§ The task
The result should be the full listing copied exactly, with no pictures in it.

Information supplied START

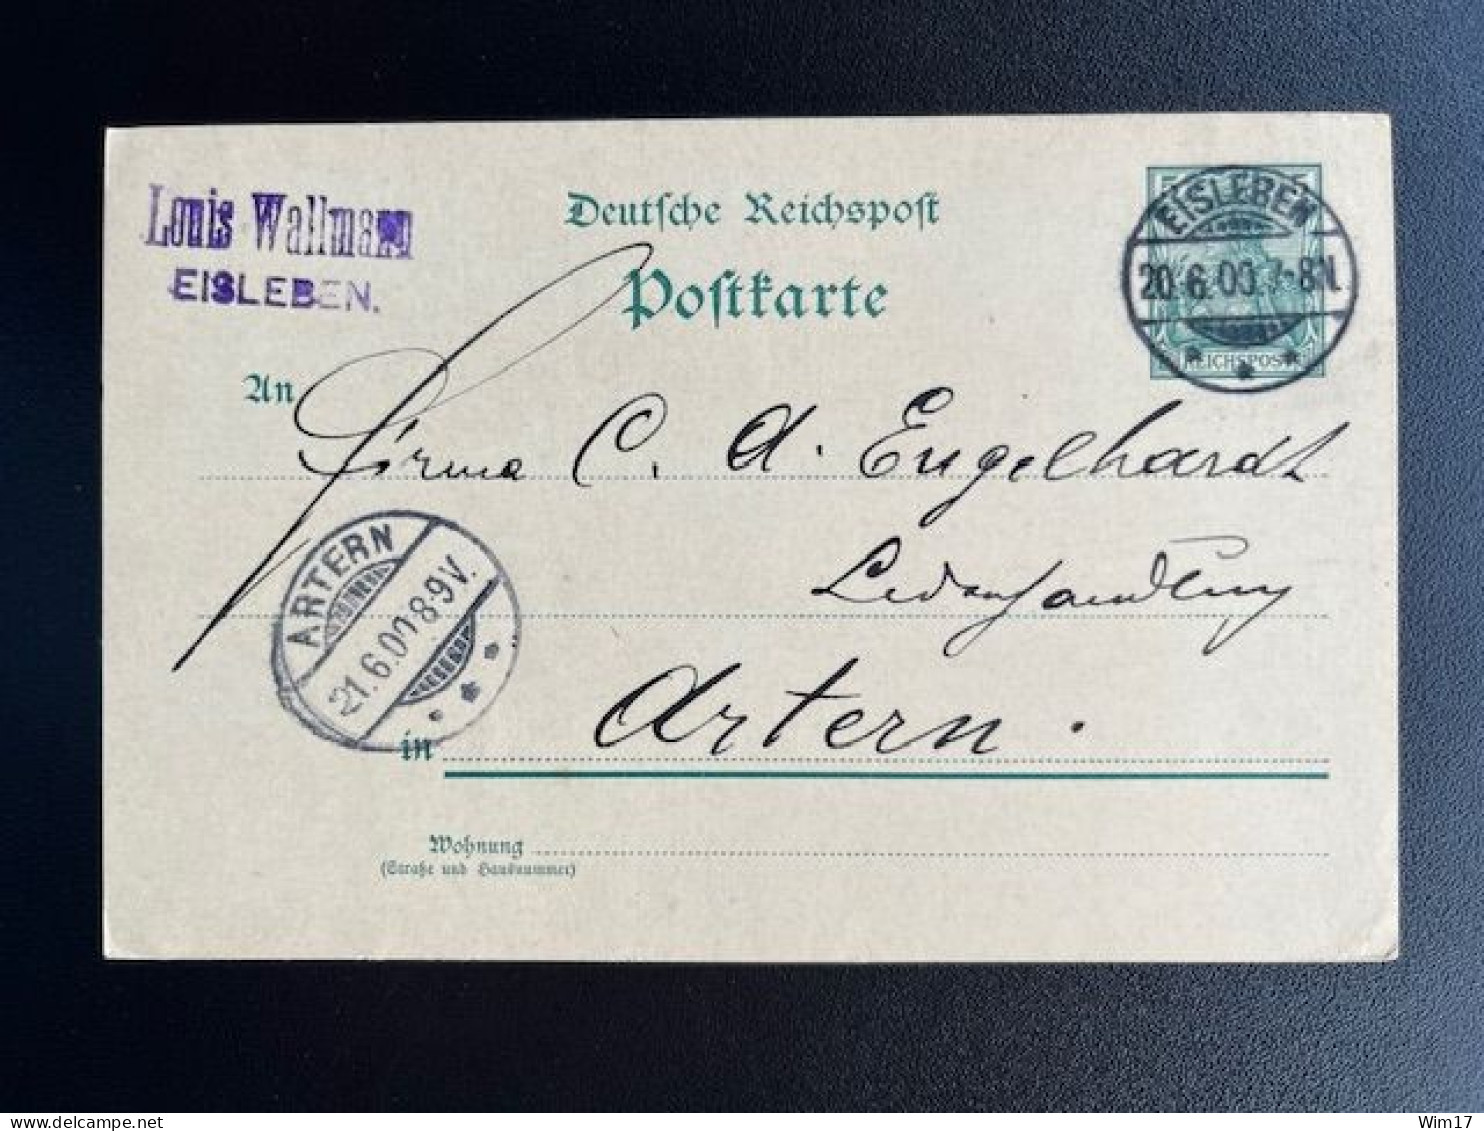 GERMANY 1900 POSTCARD EISLEBEN TO ARTERN 20-06-1900 DUITSLAND DEUTSCHLAND - Postkarten
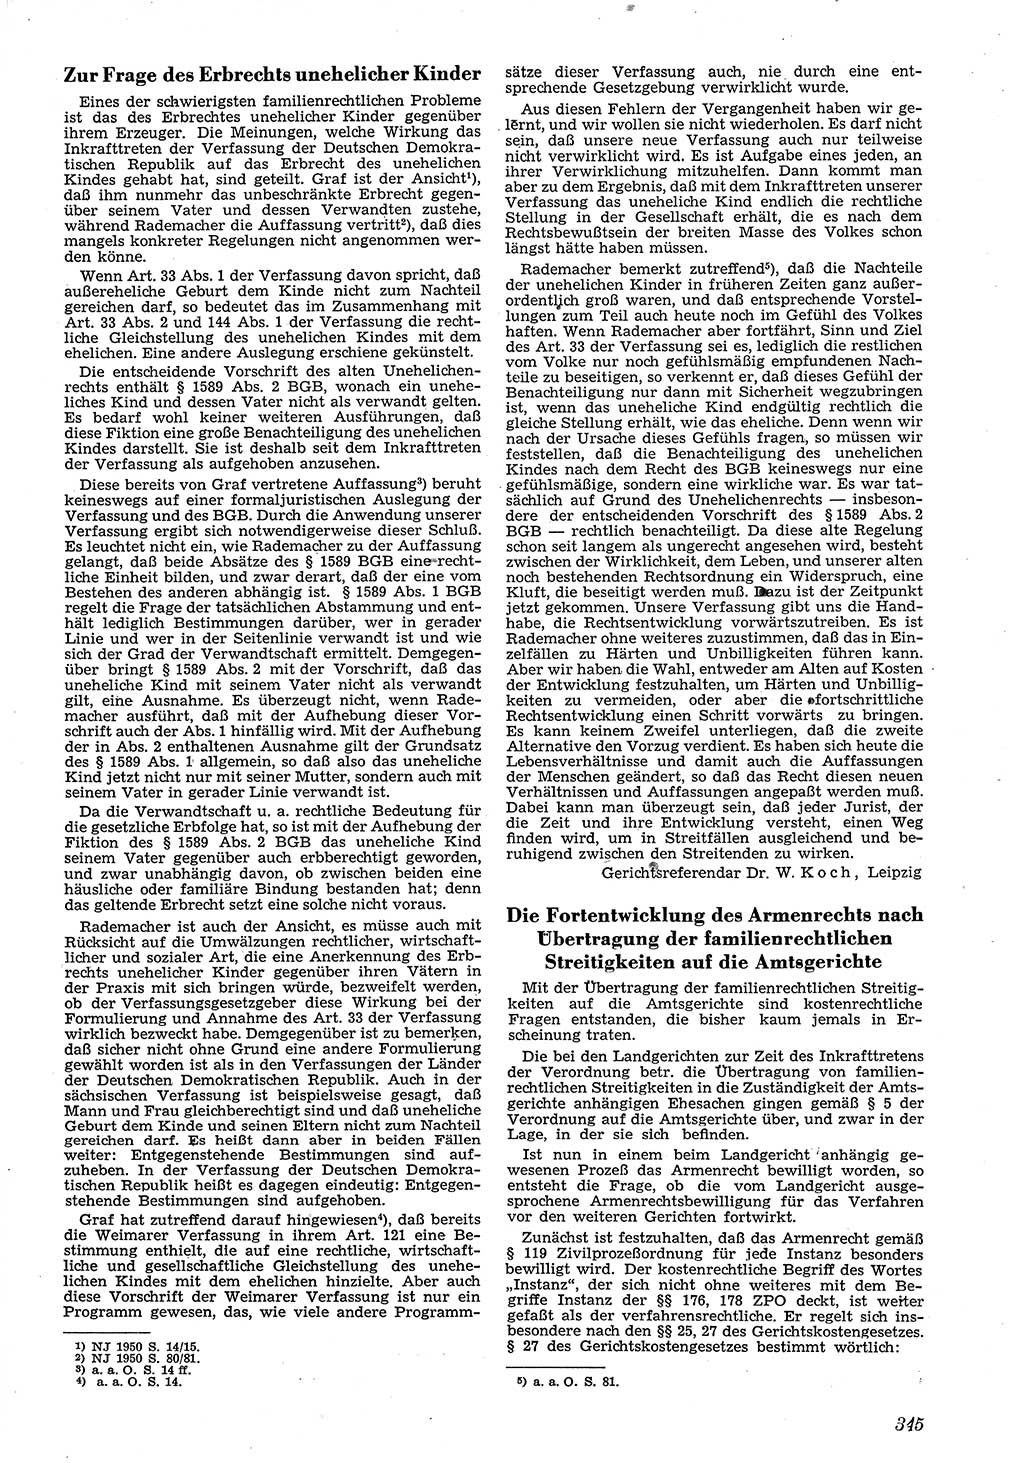 Neue Justiz (NJ), Zeitschrift für Recht und Rechtswissenschaft [Deutsche Demokratische Republik (DDR)], 4. Jahrgang 1950, Seite 345 (NJ DDR 1950, S. 345)
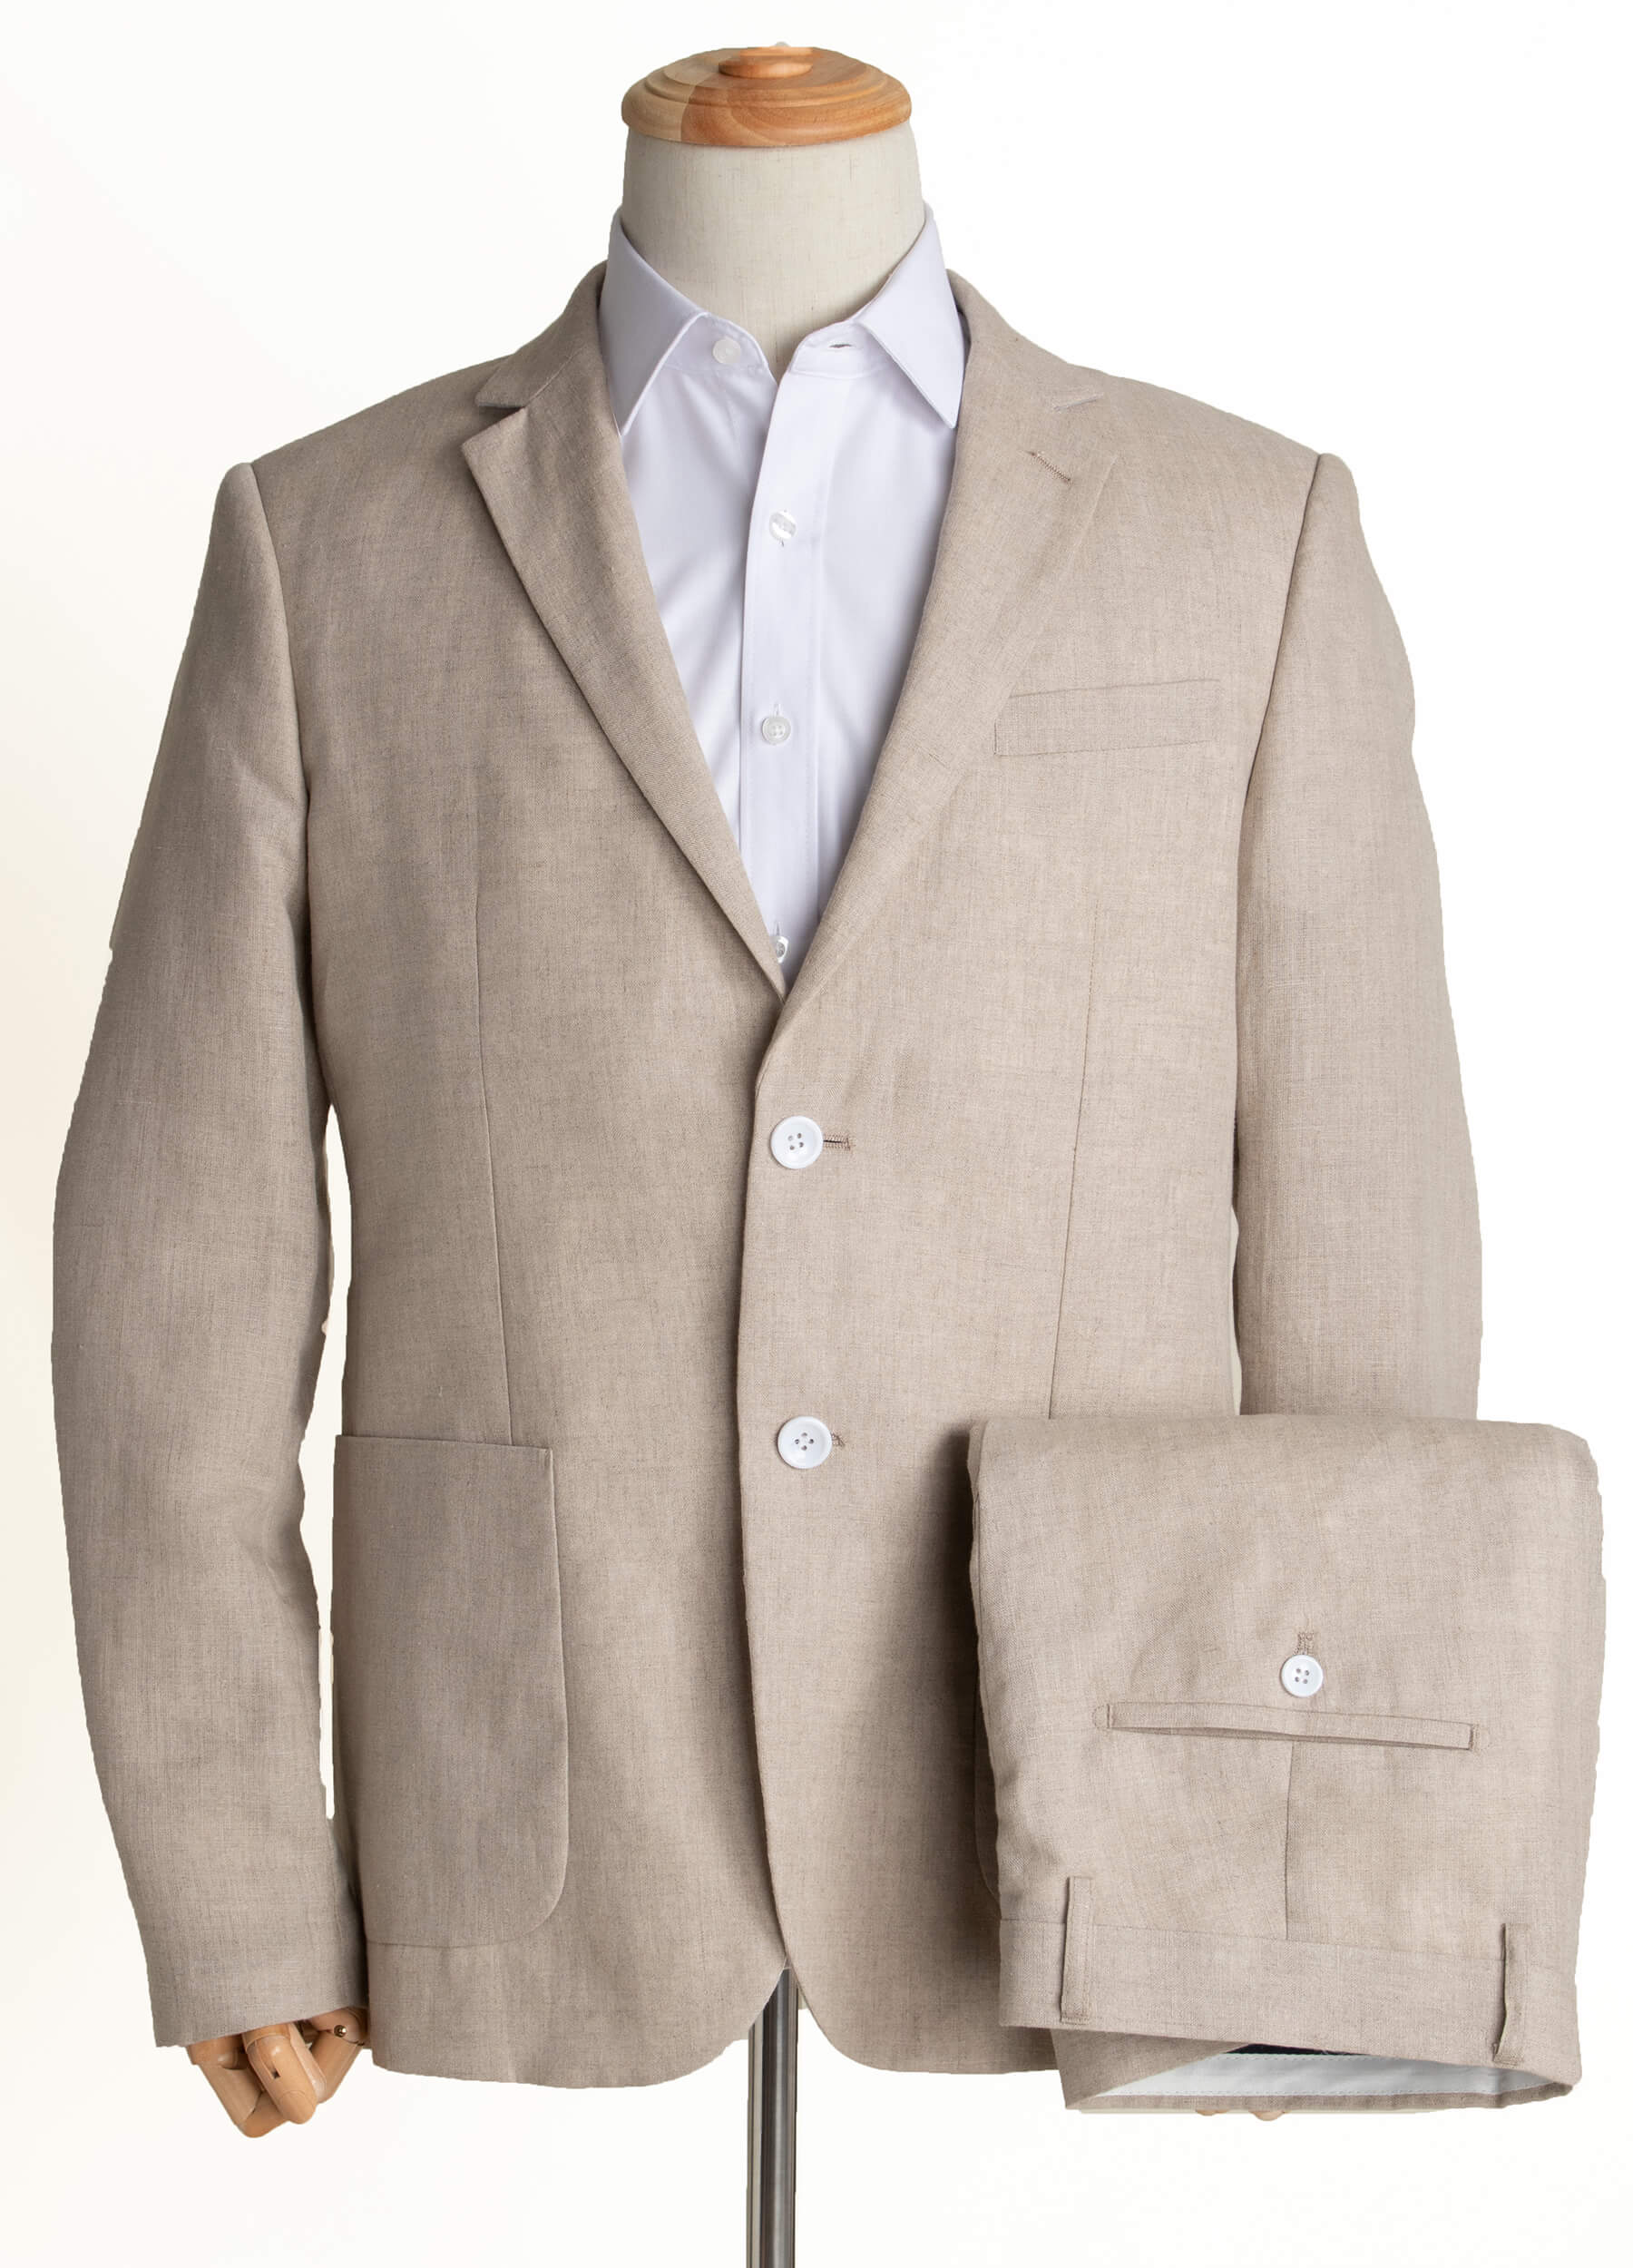 1PA1 Men's Linen Blend Suit Jacket Two Button Business Wedding

Information supplied END

§ Finished task
 GERMANY 1900 POSTCARD EISLEBEN TO ARTERN 20-06-1900 DUITSLAND DEUTSCHLAND - Postkarten
 Neue Justiz (NJ), Zeitschrift für Recht und Rechtswissenschaft [Deutsche Demokratische Republik (DDR)], 4. Jahrgang 1950, Seite 345 (NJ DDR 1950, S. 345)
 1PA1 Men's Linen Blend Suit Jacket Two Button Business Wedding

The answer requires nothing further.